11.21.2012

Dark Pools Under Microscope

11.21.2012
Terry Flanagan

With the volume of dark liquidity growing by nearly 50% over the past three years to account for nearly a third of consolidated volume, there is a clear shift in the market structure away from trading on transparent exchanges and towards dark, or underplayed venues.

“Our analysis suggests that market quality is best served by maintaining strong competition between trading on lit and dark venues, and avoiding a predominance of dark trading, so policy measures should be designed to encourage such an outcome,” said Rhodri Preece, director of capital markets policy at CFA Institute.

A new report by the CFA Institute examines internalization—internal execution of client orders within a broker/dealer system or against the broker’s own account- as well as dark pools.

The report recommends that internalization of retail orders should be required to offer meaningful price improvement, and provide some protection to investors posting displayed orders in limit order books.

Operators of alternative trading systems are developing new techniques for expanding the pool of liquidity available to their institutional customers by allowing them to interact safely with dealer order flow.

Institutional asset managers have historically shied away from posting block-sized orders on regulated exchanges out of fear that electronic market makers will pick off their order flow and thereby cause their orders to be executed at an inferior price.

“Due to recent changes in market structure, the number of places a firm needs to look has grown considerably,” said Jess Haberman, director of compliance at Fidessa. “With dark pools and broker crossing networks not being transparent, firms don’t know if liquidity is available on those markets, and they must decide between the chance of getting a better price in a dark market versus the guarantee of getting the order filled in a lit market.”

Trading technology has adapted to these challenges by offering smart order routers, which for some time now have enhanced a firm’s ability to determine the best place to get orders filled based on price and shares available.

“Technologists are adapting to dark markets further by creating algorithms that send a small order to a dark market to see if liquidity is there,” said Haberman. “If it is, a larger quantity of orders is sent to that dark market to try to get them filled at the best price, while at the same time, or subsequently, sending part of the order to lit markets.”

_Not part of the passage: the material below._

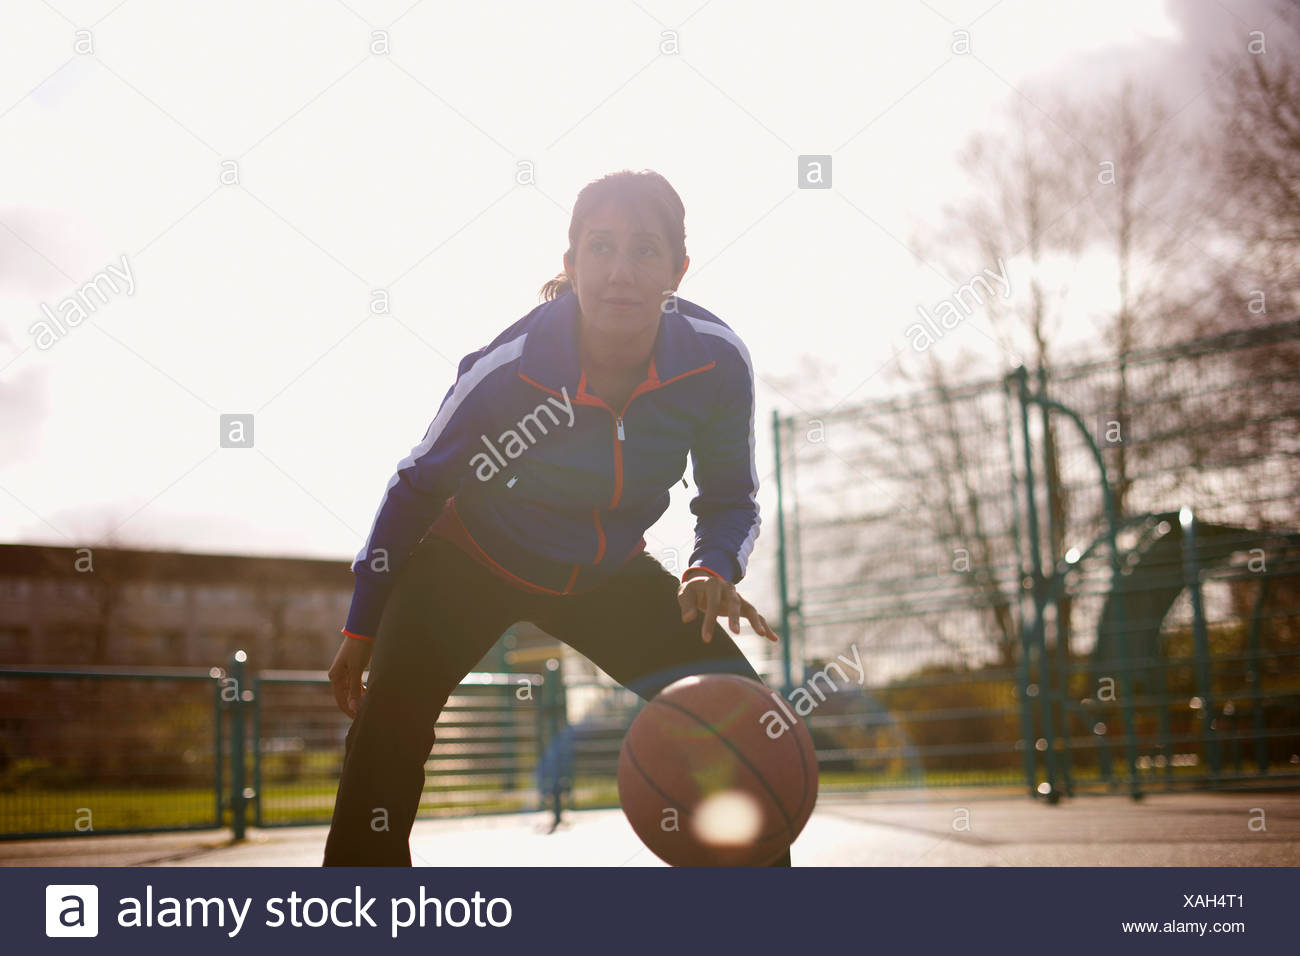 A Woman Playing Basketball Imágenes De Stock A Woman: Adult Female Basketball Player Asian Stock Photos & Adult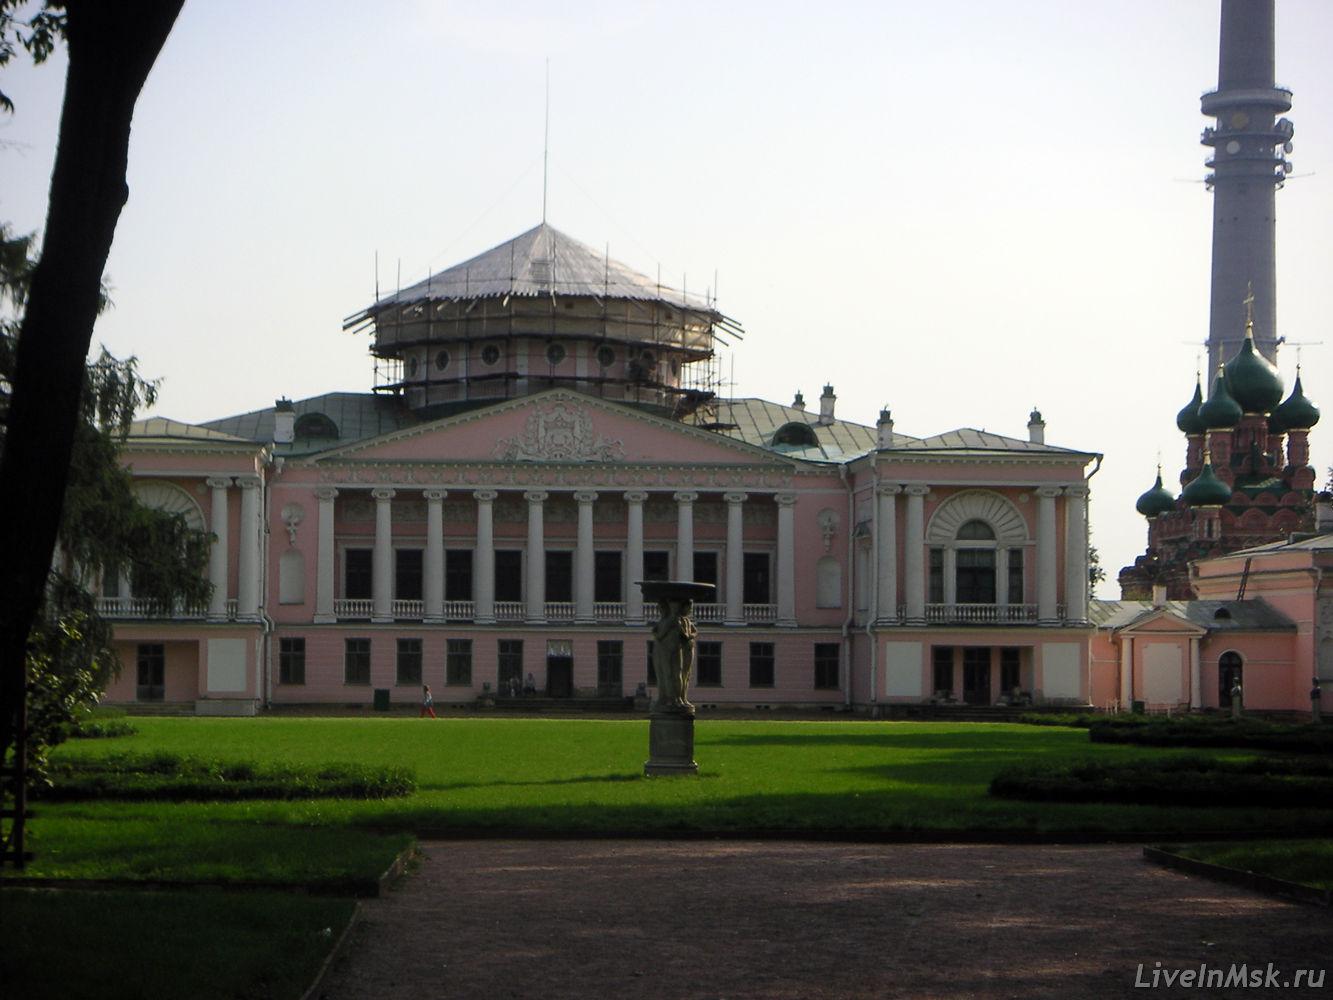 Останкинский дворец, фото 2012 года

Citigroup’s recently-launched dark pool, Citi Cross, eliminates this risk by virtue of a new matching engine which allows a wide range of clients the opportunity to interact with Citi’s various sources of liquidity, with the idea of bringing together historically eschewed flows of liquidity, thus reducing fragmentation.

Bloomberg’s BPool offers a centralized, active and diverse marketplace for traders to efficiently trade large blocks while giving traders the ability to monitor and control their orders from order-entry to execution.

By enabling institutional traders to interact with block-size liquidity on Bloomberg’s equity trading platforms and match orders at Bids Trading, a U.S. block trading venue, BPool is intended to help the buy side source equity liquidity in an increasingly fragmented market structure.

Liquidnet Canada is opening up its trading venue to registered broker-dealers, in an effort to offer more liquidity for its core institutional customers.

Dark trading is now roughly 7% of total daily market volume in Canada, up from 2.2% in 2011.

One of the reasons why dark pool volumes in Canada are so low is the existence of broker preferencing, an internalization practice that allows incoming orders to a trading venue to match with other orders from the same dealer ahead of similarly priced orders from other dealers, without concern for time priority.